Dataset extract:
((
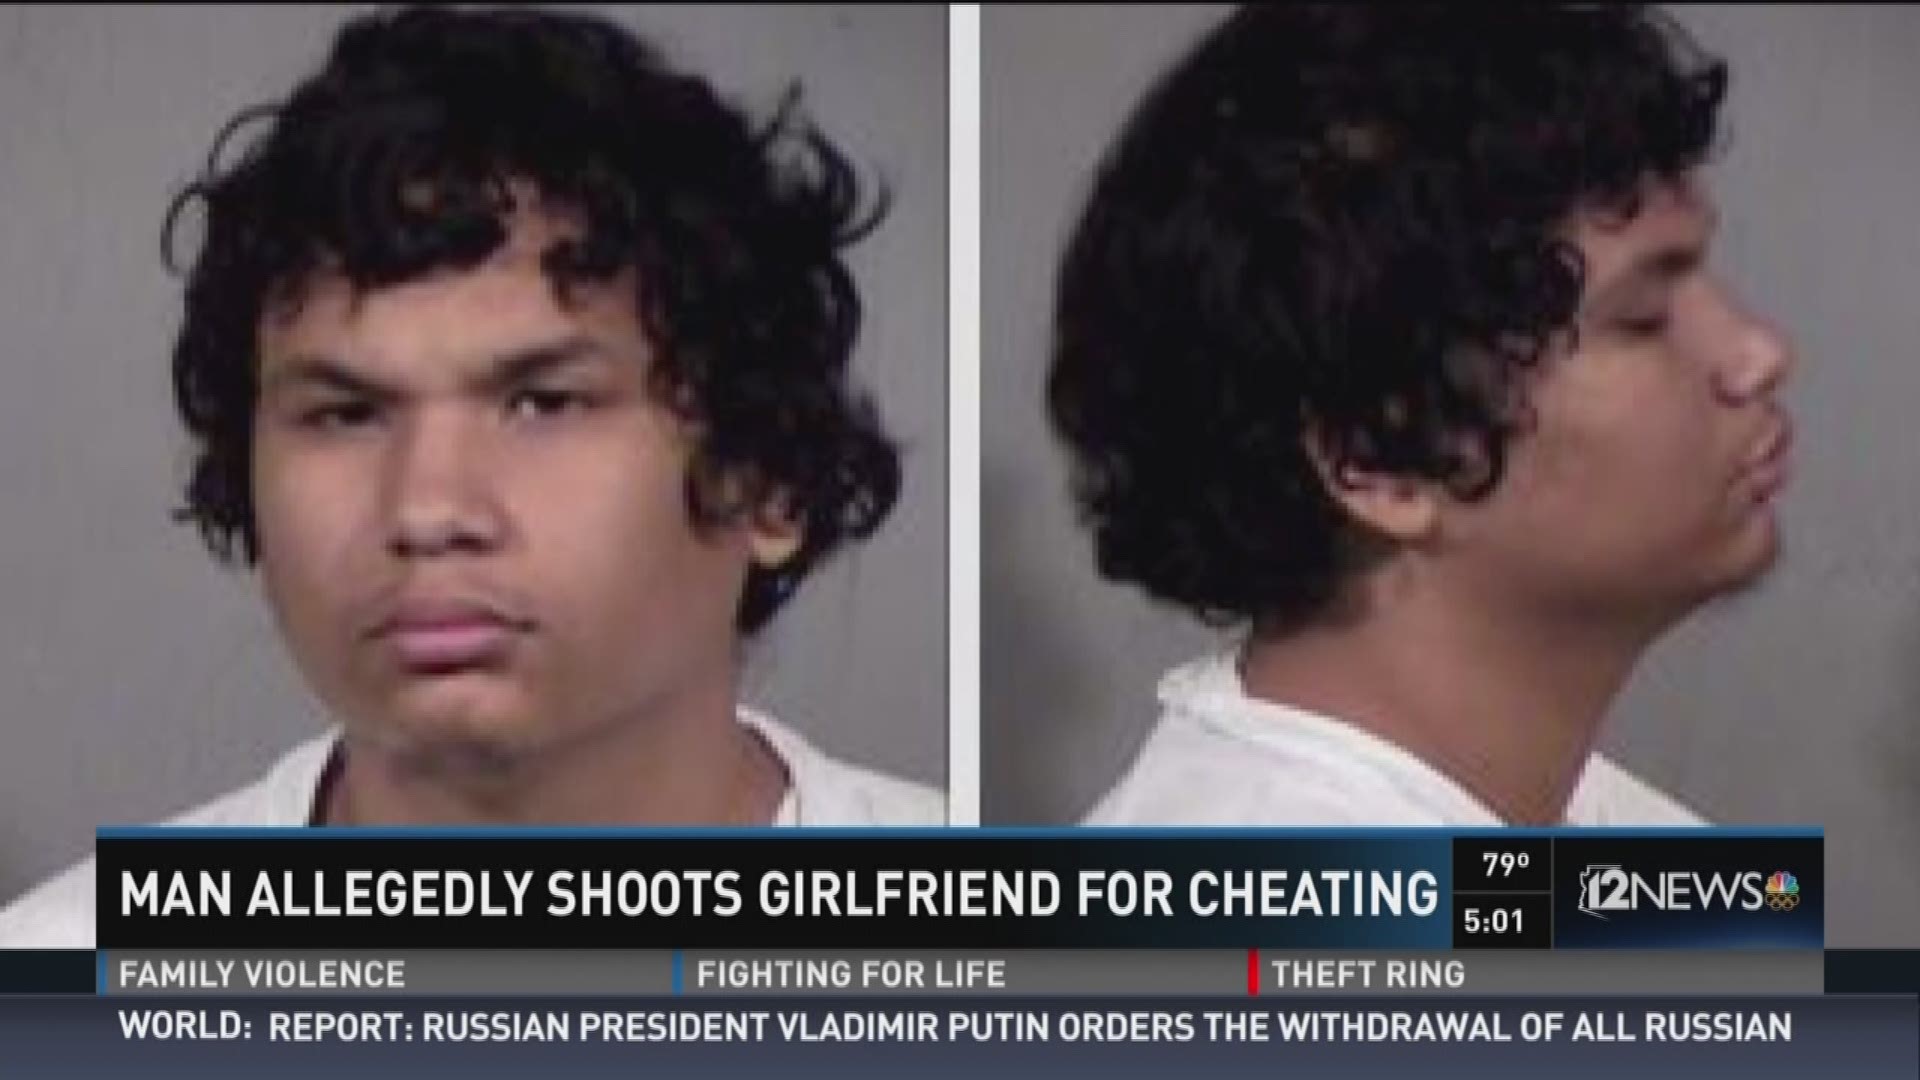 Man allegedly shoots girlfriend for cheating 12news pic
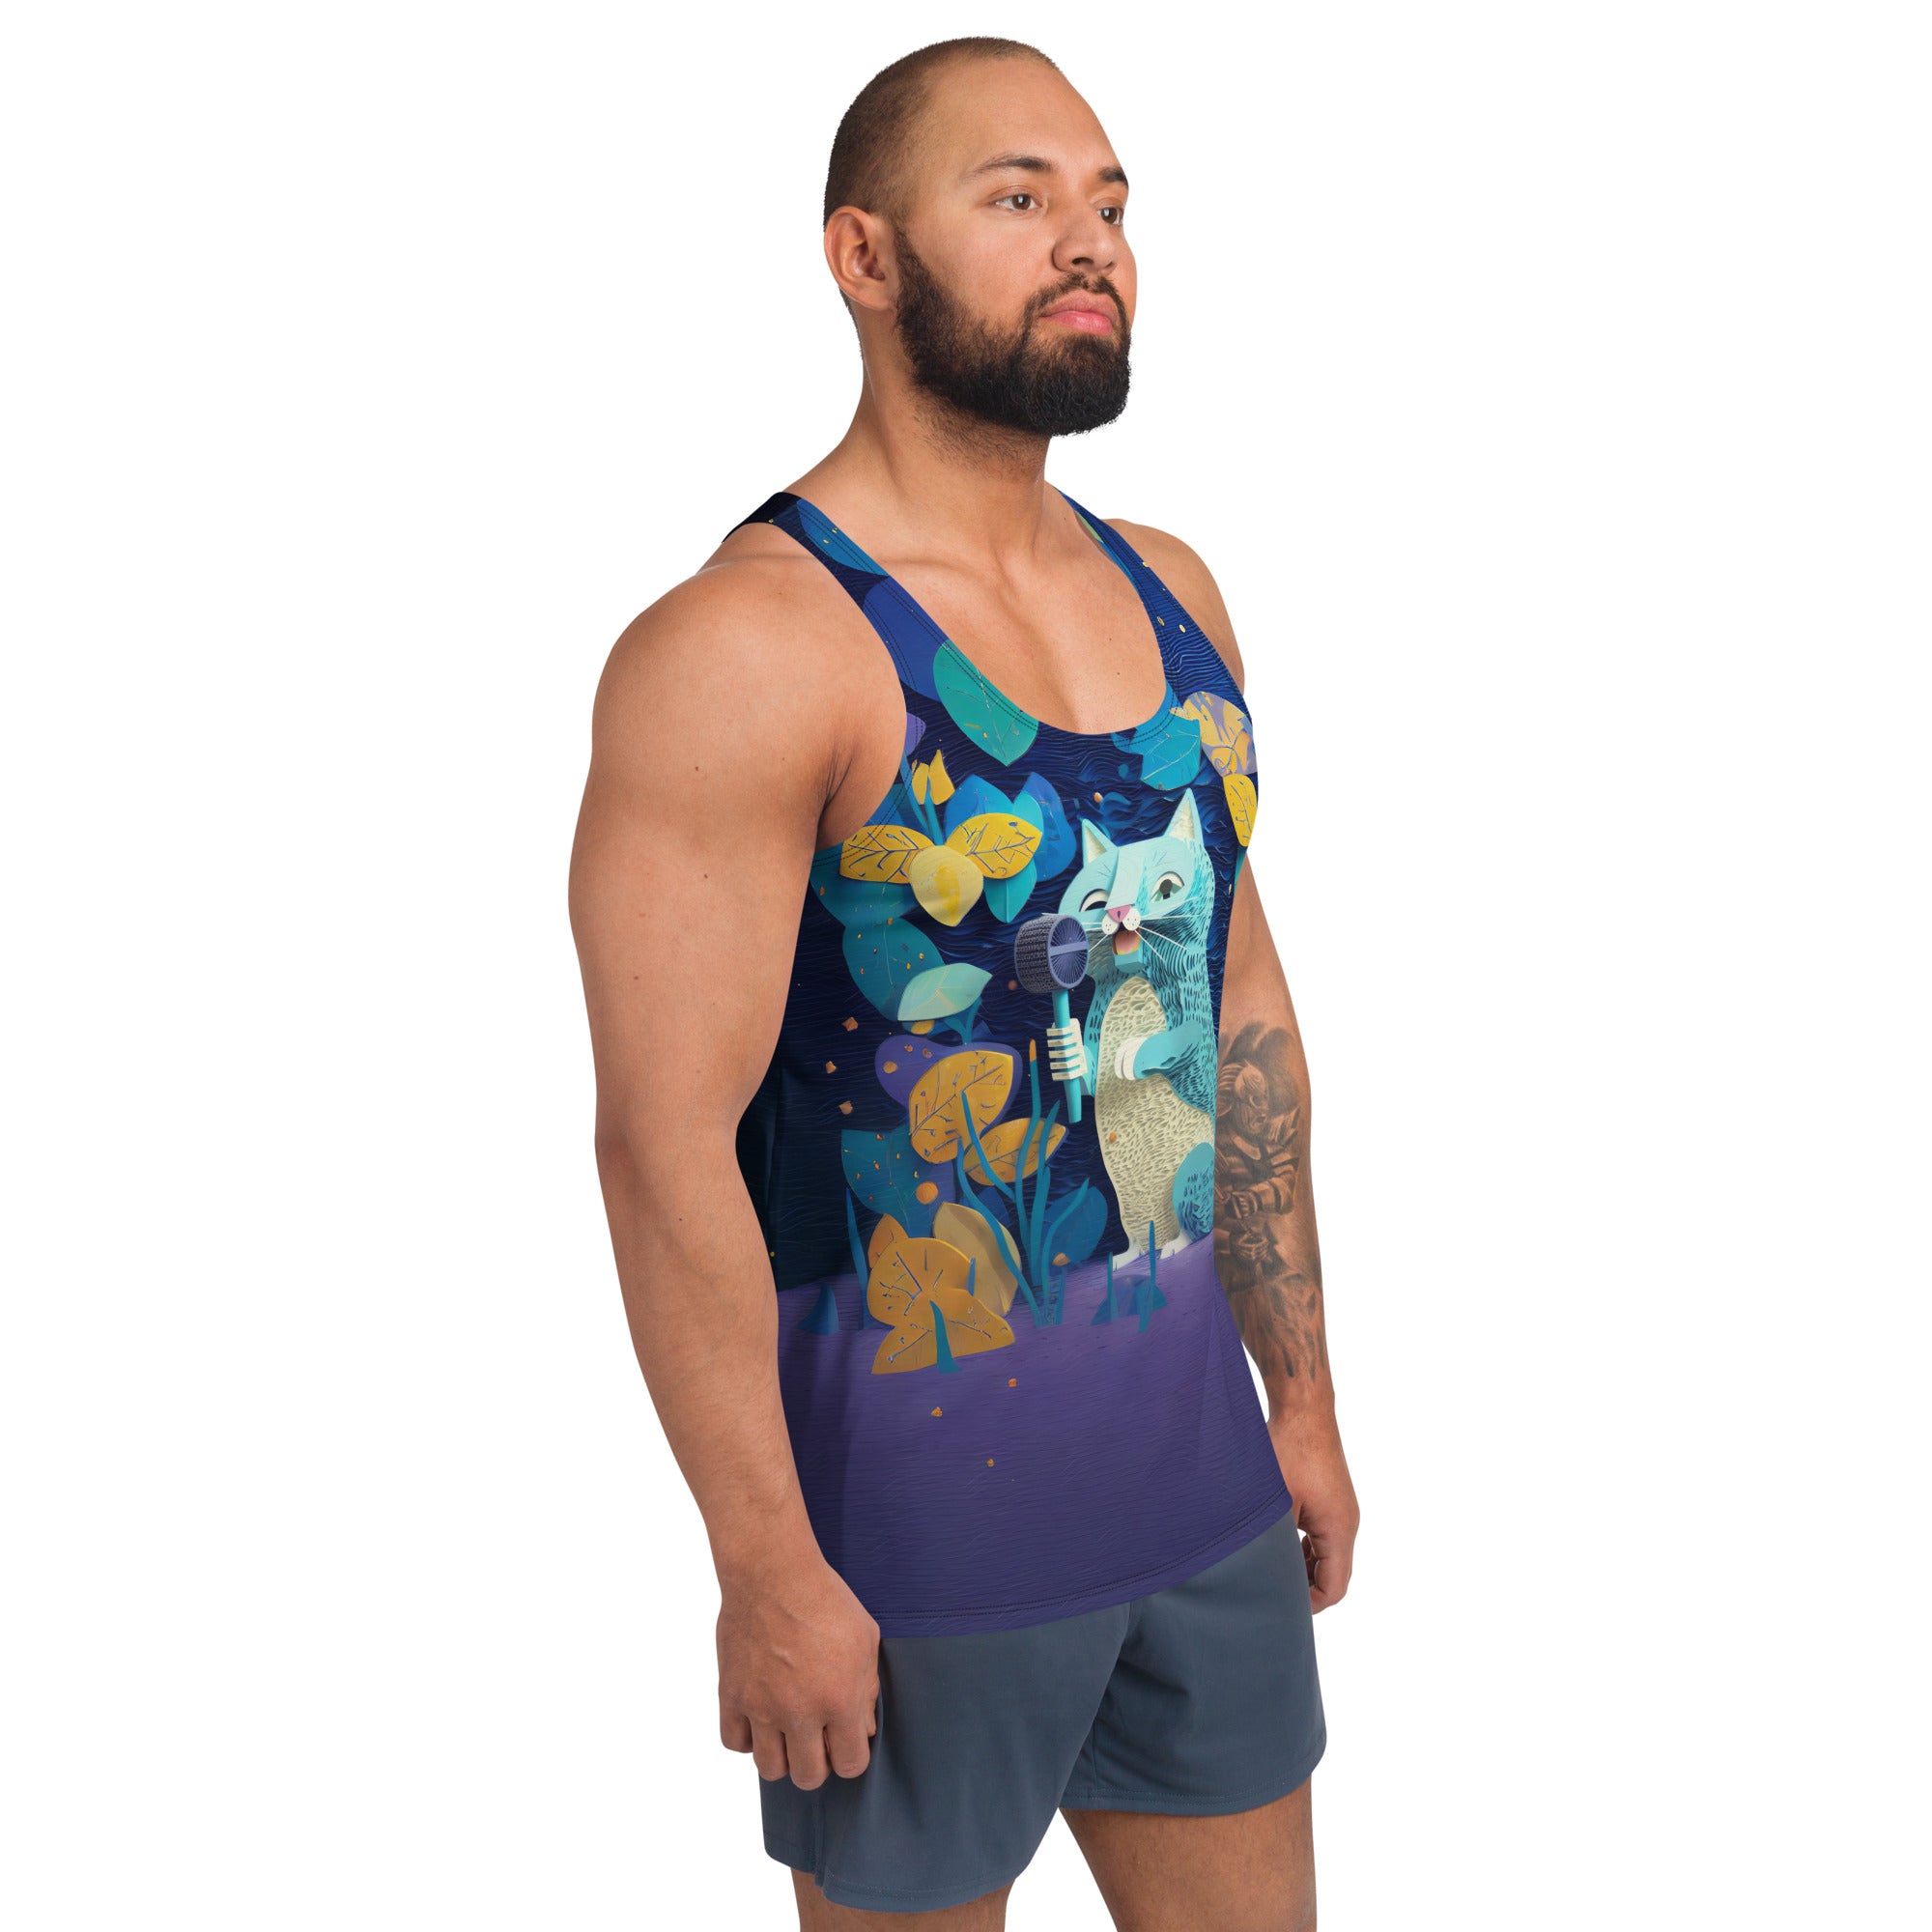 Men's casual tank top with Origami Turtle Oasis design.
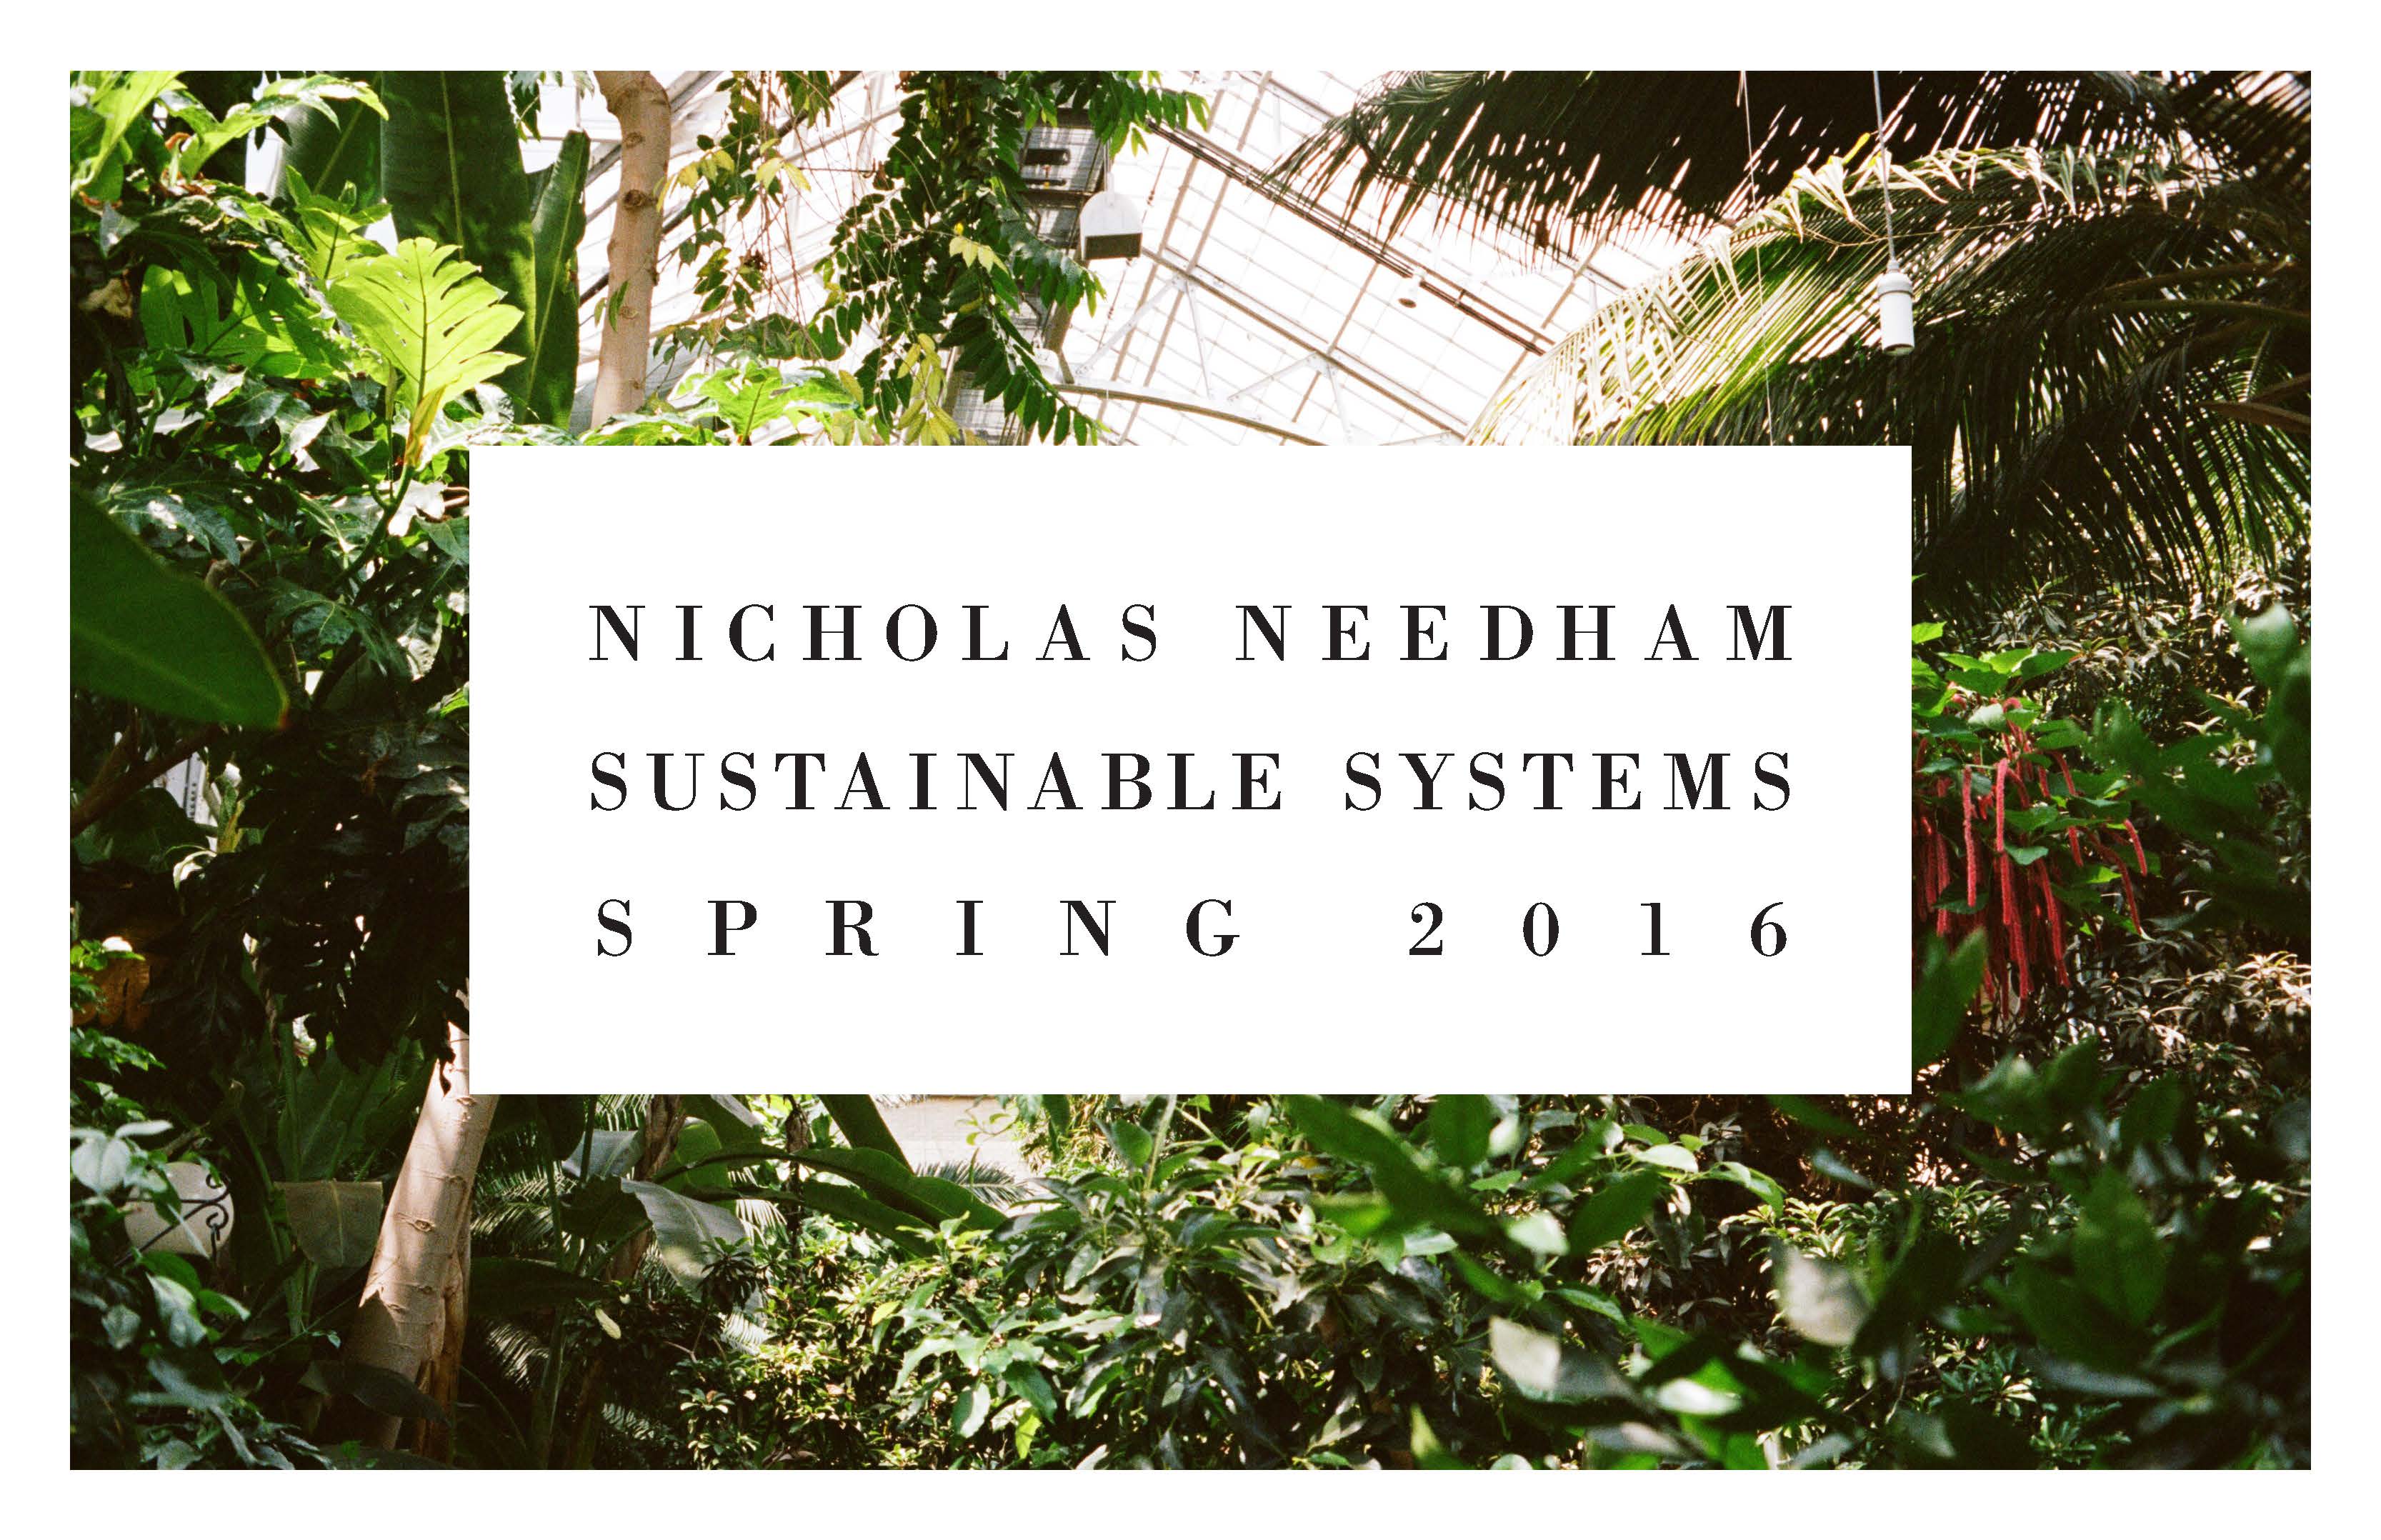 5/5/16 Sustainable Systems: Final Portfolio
))
Task objective:
Output the data above verbatim, pictures excluded.

Exercise result:
 Man allegedly shoots girlfriend for cheating 12news pic
 Men's casual tank top with Origami Turtle Oasis design.
 5/5/16 Sustainable Systems: Final Portfolio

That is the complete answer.